Gap in iOS 4 PDF
- Transfer
Now, if you visit a web page and upload a simple PDF file, you can give an attacker full access to your iPhone, iPod touch or iPad. A security vulnerability affects all iOS 4 and iPad devices.
Vulnerability is easy to use. By the way, the last, easiest way to jailbreak , which does not require a computer, uses the same method to crack Apple protection (but already in a non-hazardous mode for the user).
How it works?
It is enough for the user to visit a certain page using Safari. A page can automatically download a simple PDF document that contains a font hiding a special program. When your iOS device tries to display a PDF file, that font causes a stack overflow - a technical condition that allows the secret code inside the font to gain full control over the device.

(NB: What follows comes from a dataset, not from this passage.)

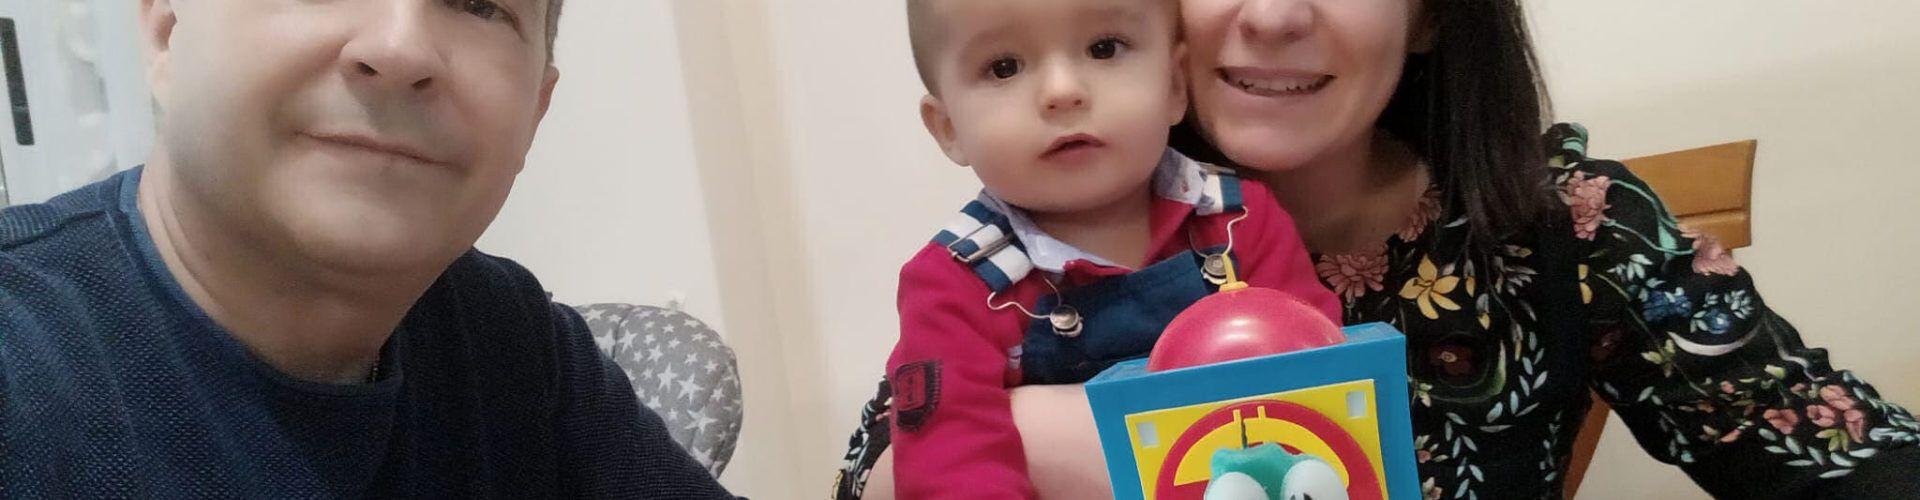 """Gestación subrogada: el parón judicial por el coronavirus deja """"en el aire"""" la adopción"""

As a result, without any user intervention, this program can do whatever it wants on your iPhone, iPod touch or iPad. All you can imagine: delete files, transfer files, install background programs to track your actions ... everything can be done.
This is not the first time this has happened. At the beginning of the life of the iPhone, there was a problem with TIFF files, which was a similar security flaw. Apple soon fixed the vulnerability, but before there were very few iPhones compared to today's numbers. Apple claims that more than one hundred million iPhones, iPod touch and iPad have been sold worldwide. Obviously, hackers are trying to gain access to such a large device market.
How can this be avoided?
At the moment, the easiest way to avoid this problem is to not click on any PDF links directly and not download PDF files from untrusted sources. Here, the author could have made a mistake by not saying that other web pages could also harm your iPhone.
You can also jailbreak your iPhone and install a program that will ask for permission every time your browser encounters a PDF (look for “PDF loading warner” in Cydia ).
Although this does not solve the security problem, at least the program will warn you about the danger.
Apple has not yet commented on the situation.